Conversations with Filmmakers February 13, 2004

This collection of interviews with the renowned filmmaker, animator, artist, and member of the Monty Python comedy troupe covers the phases of his career from his early work as a cartoonist and animator through his most recent and most difficult projects.

Among many subjects, Gilliam discusses his formative years as an artist and humor-magazine cartoonist, his move from the United States to England, his entry into British television, and his success as resident animator for the Monty Python's Flying Circus television show.

As co-director of Monty Python and the Holy Grail and as director of Jabberwocky Gilliam made his advent as a maker of feature films, followed by such popular movies as Time Bandits and The Fisher King. A mixture of critical acclaim and film-studio animosity greeted his epic Brazil.
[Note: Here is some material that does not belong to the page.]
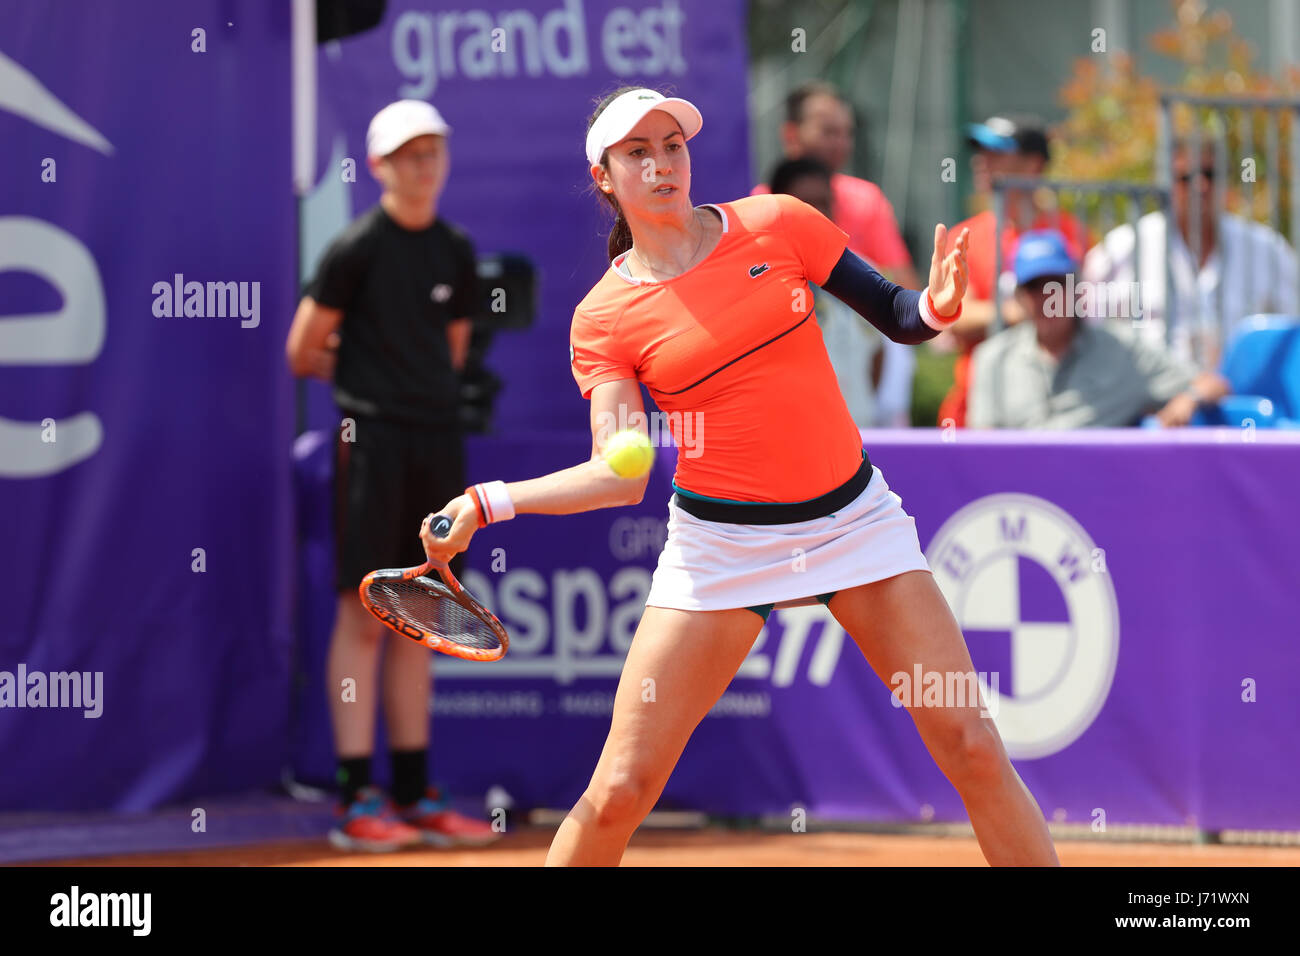 Strasbourg, France. 23rd May, 2017. American player Christina Mc Hale is in  action during her match in the 2nd round of the WTA tennis Internationaux  of Strasbourg vs Spanish tennis player Carla

Gilliam discusses all these, as well as the damage The Adventures of Baron Munchausen did to his career and the disasters that plagued his attempt to film a time-travel comedy called The Man Who Killed Don Quixote after the commercial disappointment of his unexpectedly acerbic Fear and Loathing in Las Vegas.

In his conversations with a diverse array of interviewers Gilliam talks about an eclectic succession of topics, including his idiosyncratic tastes in painting and architecture, his fascination with the art and history of medieval Europe, his outspoken hostility for the commercial film industry, his views on comedy, fantasy, and film, and his philosophical perspectives on contemporary society.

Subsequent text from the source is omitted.